▶ [SOURCE DATA]
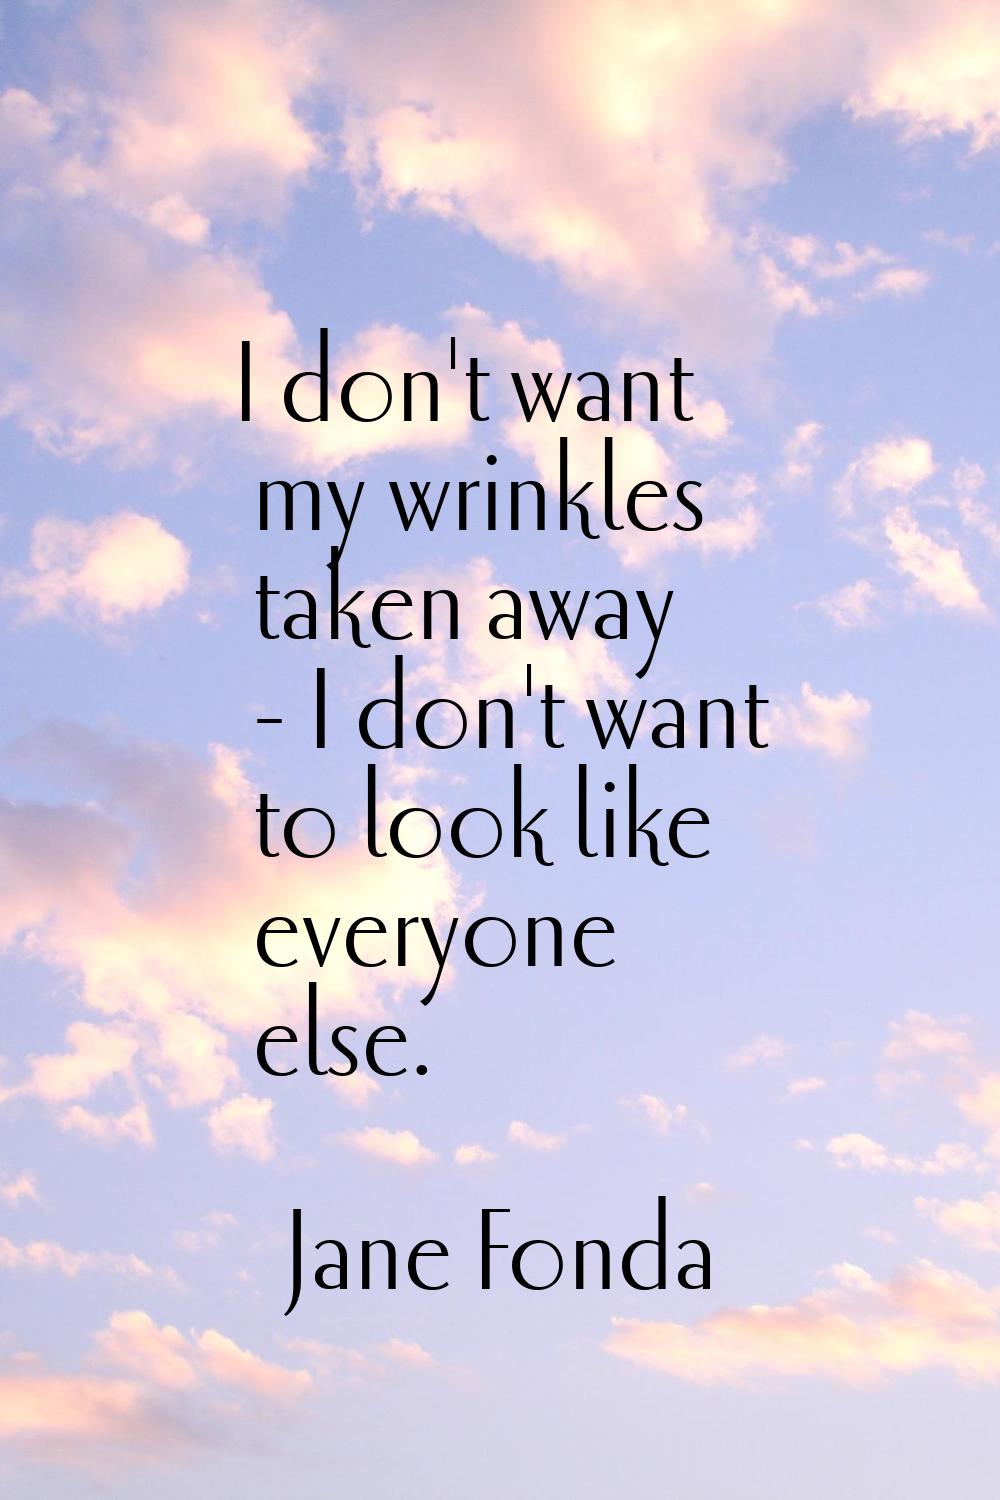 I don't want my wrinkles taken away - I don't want to look like everyone else.
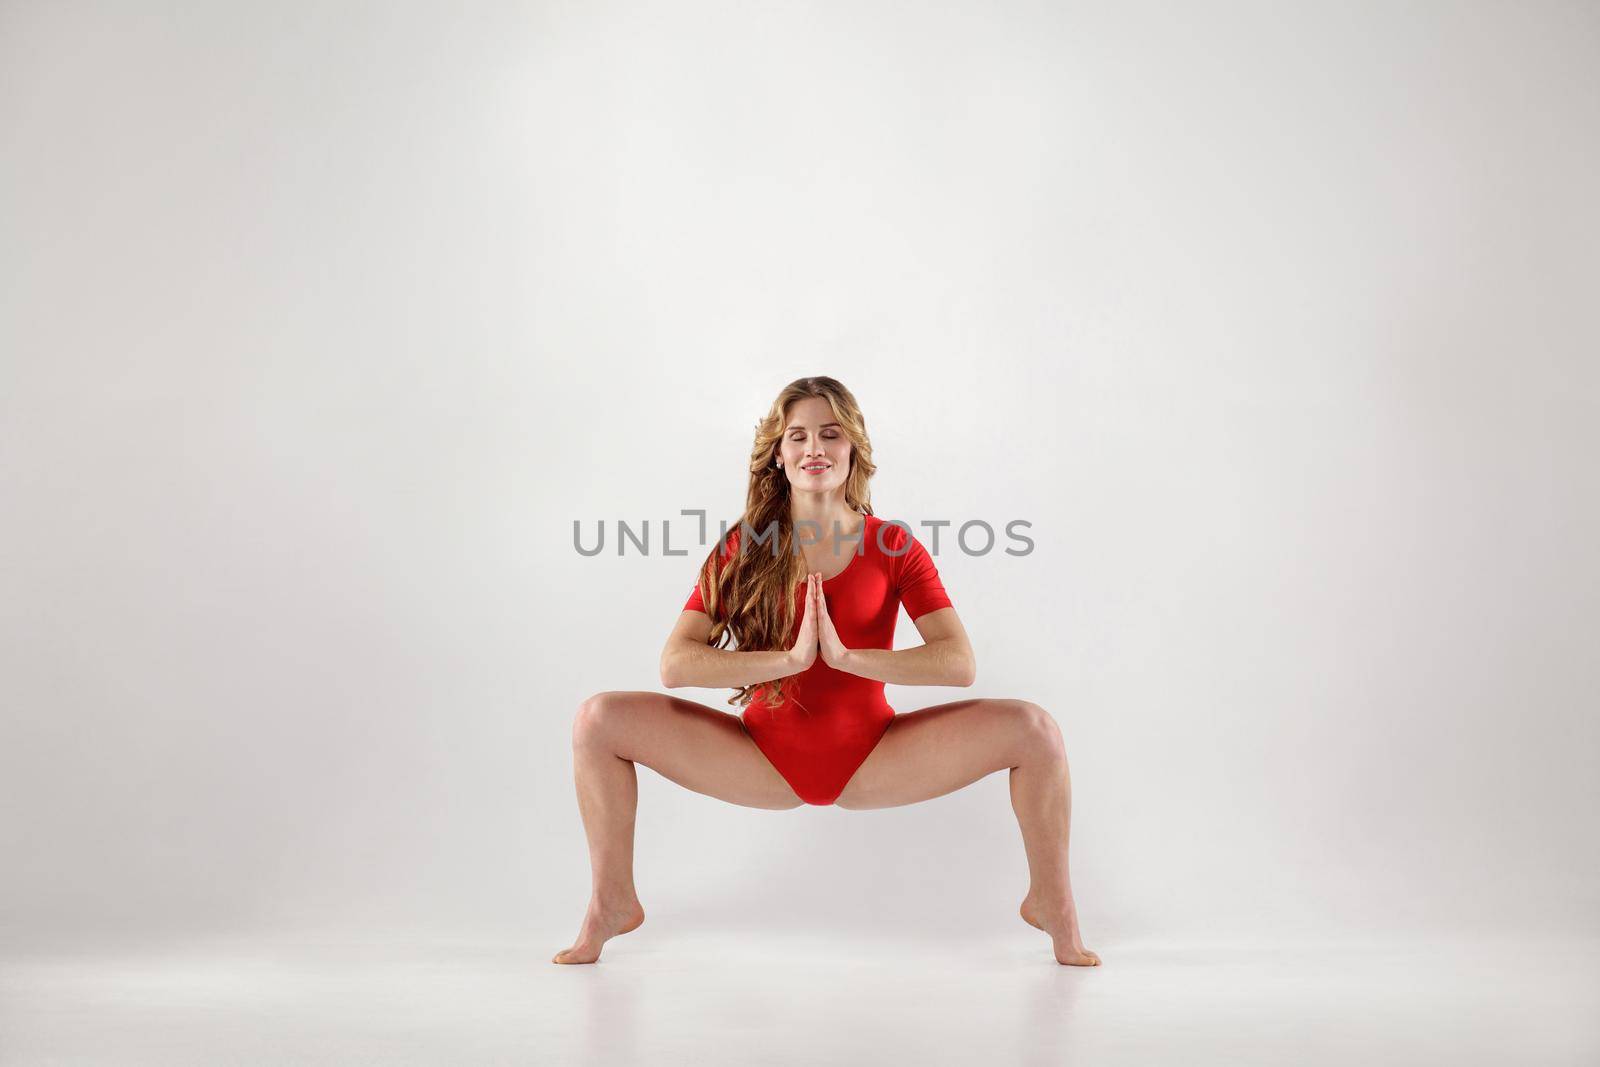 attractive athletic curly blonde woman with makeup in red leotard doing yoga pose .isolated indoor studio shot on light gray background. healthy lifestyle and leisure activity concept.
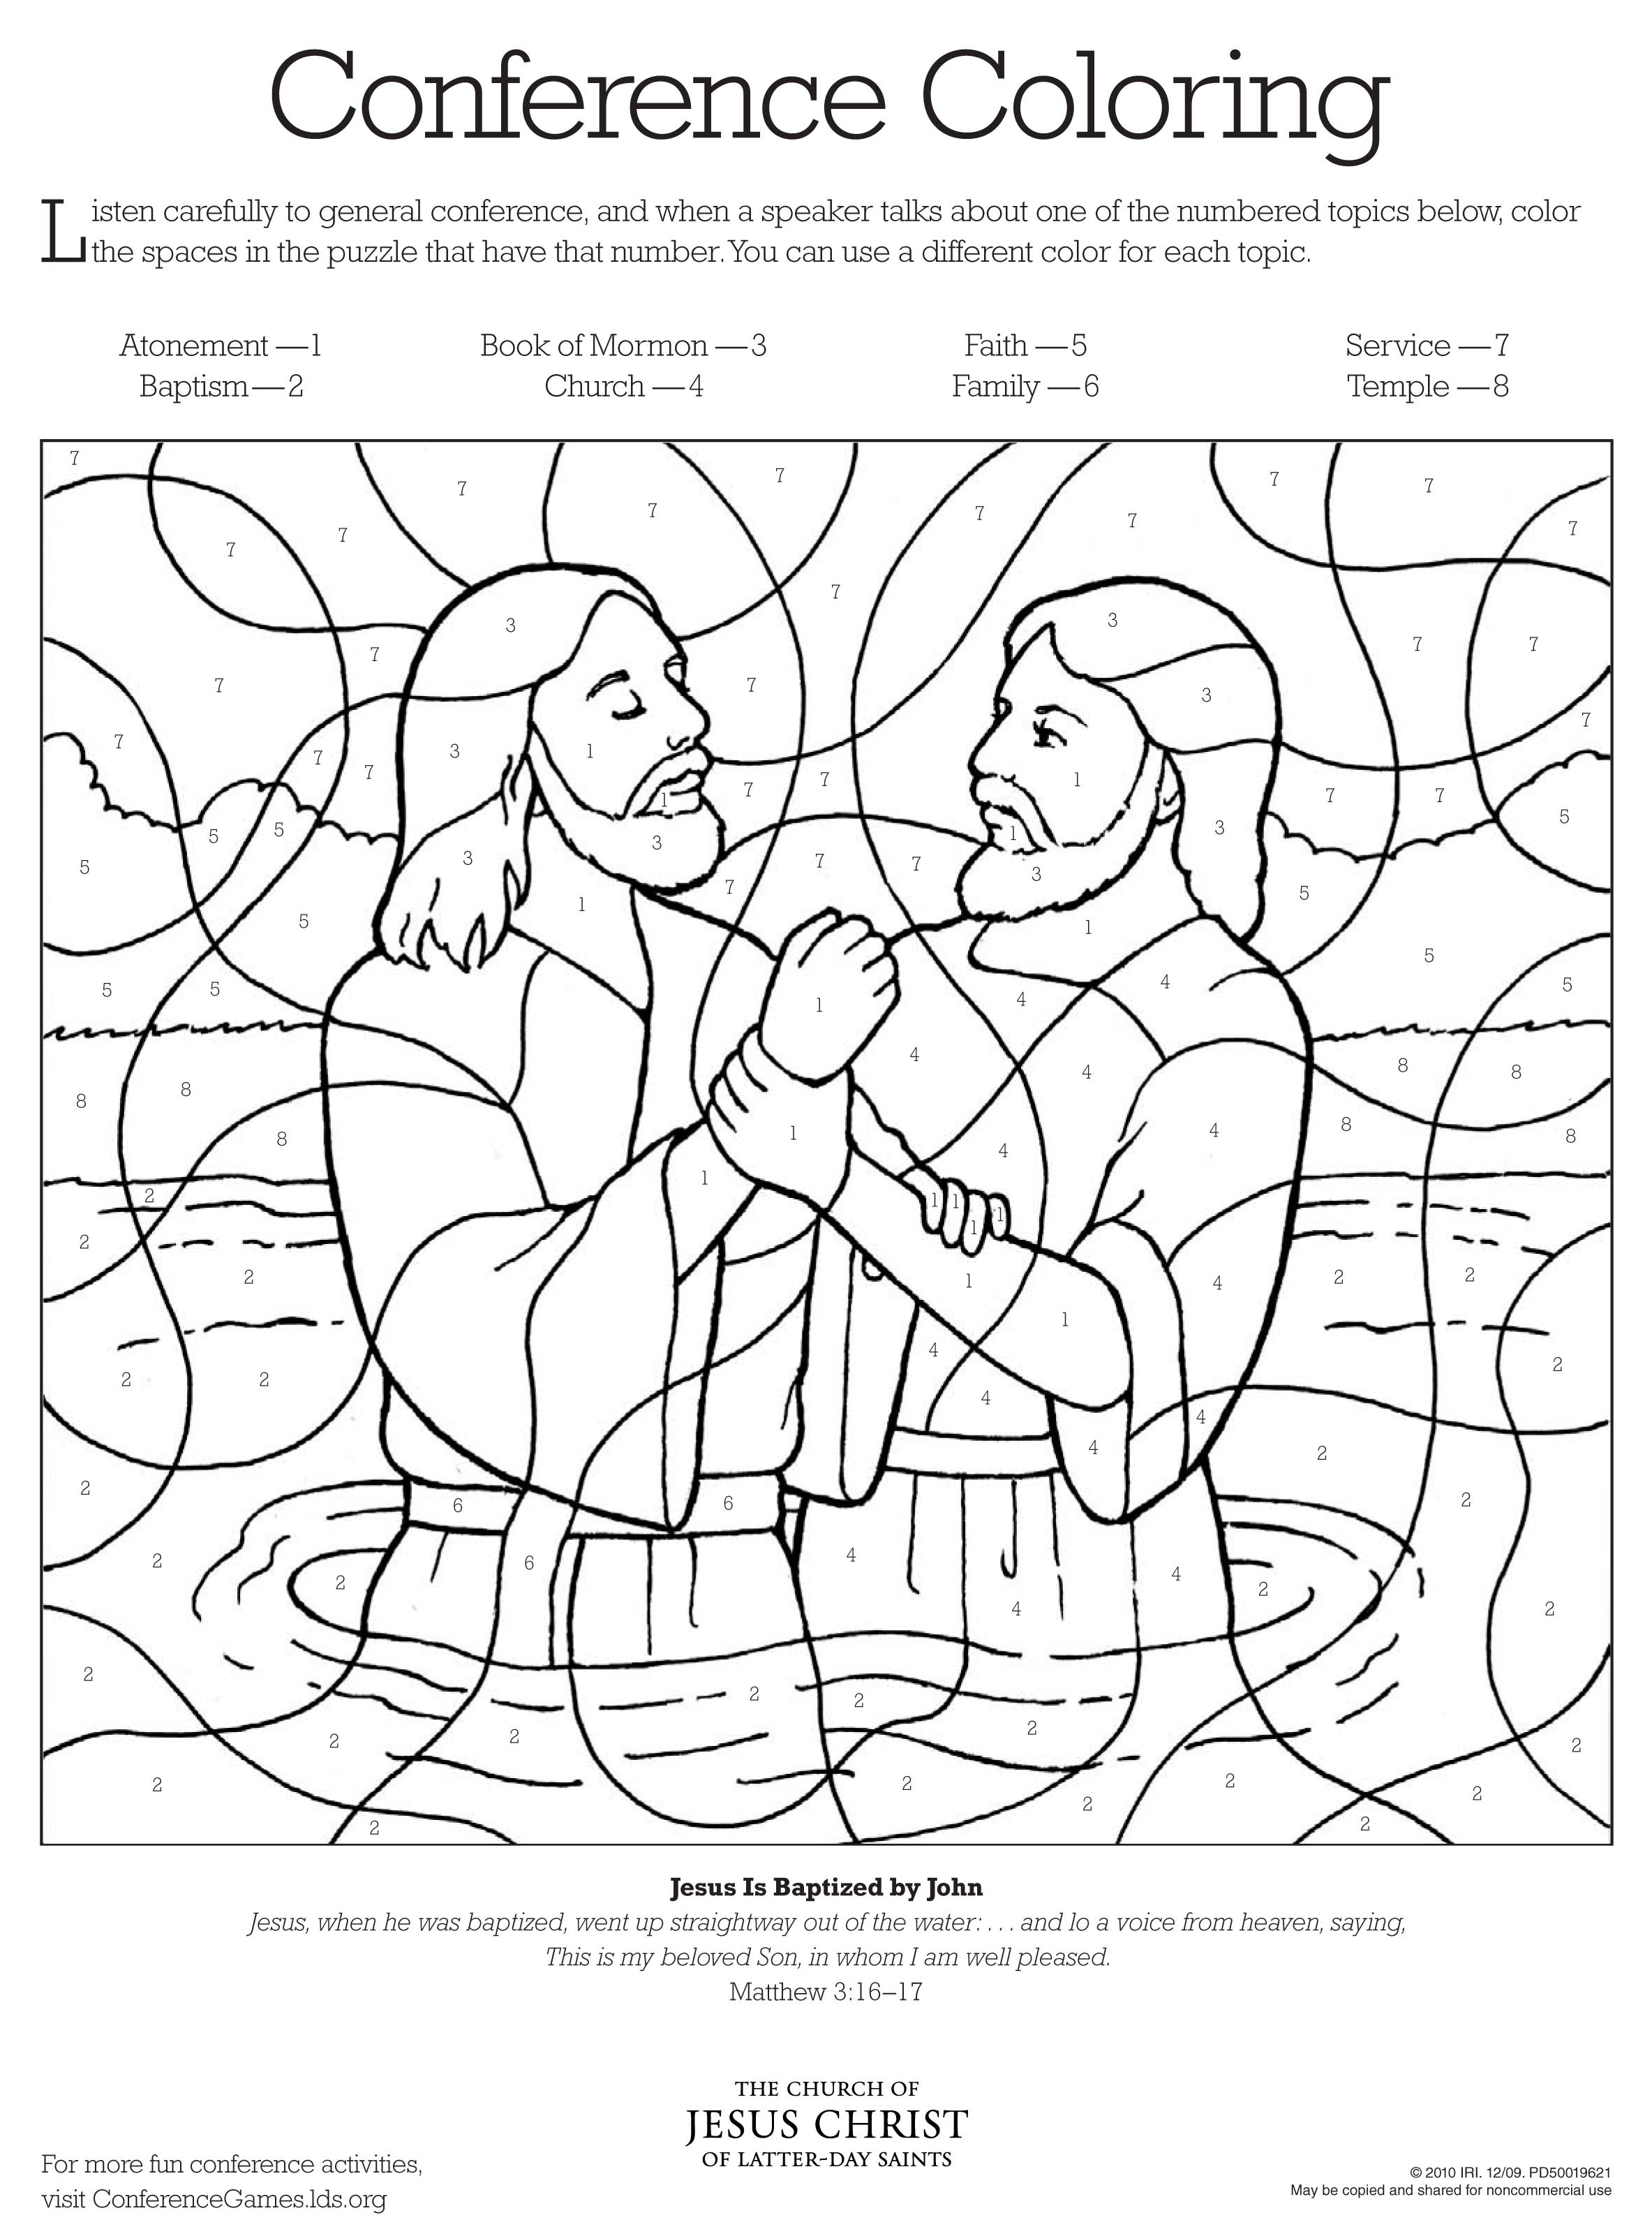 lds-printable-coloring-pages-what-are-the-articles-of-faith
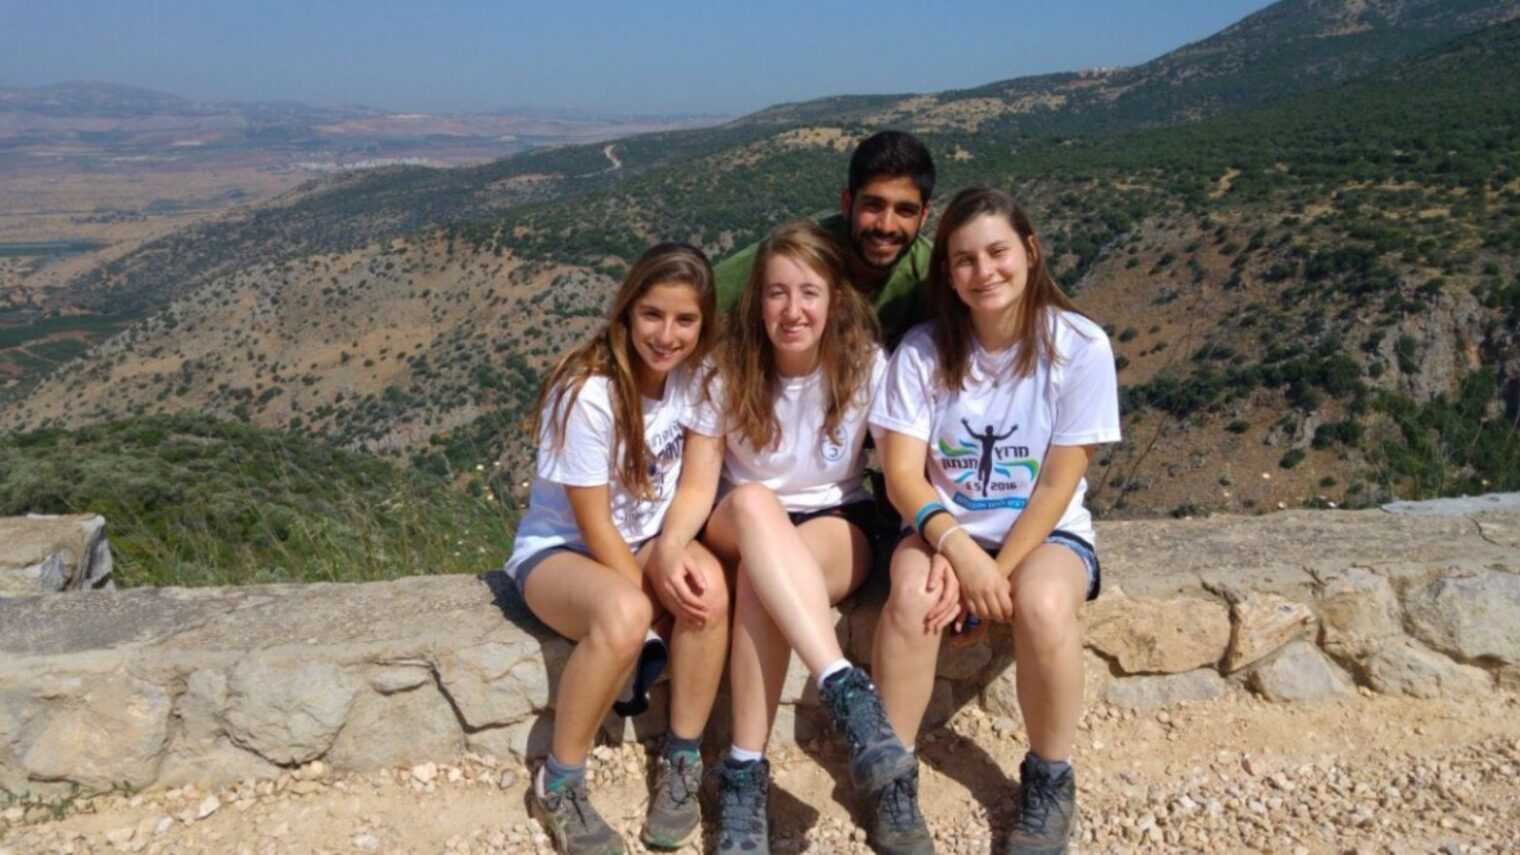 Members of Kibbutz Hannaton’s mechina volunteer in the local community and engage with neighboring Arab villagers to facilitate dialogue and change. Photo: courtesy

▶ [TASK DIRECTIONS] Please print the span that begins at the line holding "lds-printable-coloring-pages-what-are-the-articles-of-faith" and ends at the last line of the data, both ends included, with no pictures.

▶ [EXERCISE OUTPUT]
 lds-printable-coloring-pages-what-are-the-articles-of-faith
 Members of Kibbutz Hannaton’s mechina volunteer in the local community and engage with neighboring Arab villagers to facilitate dialogue and change. Photo: courtesy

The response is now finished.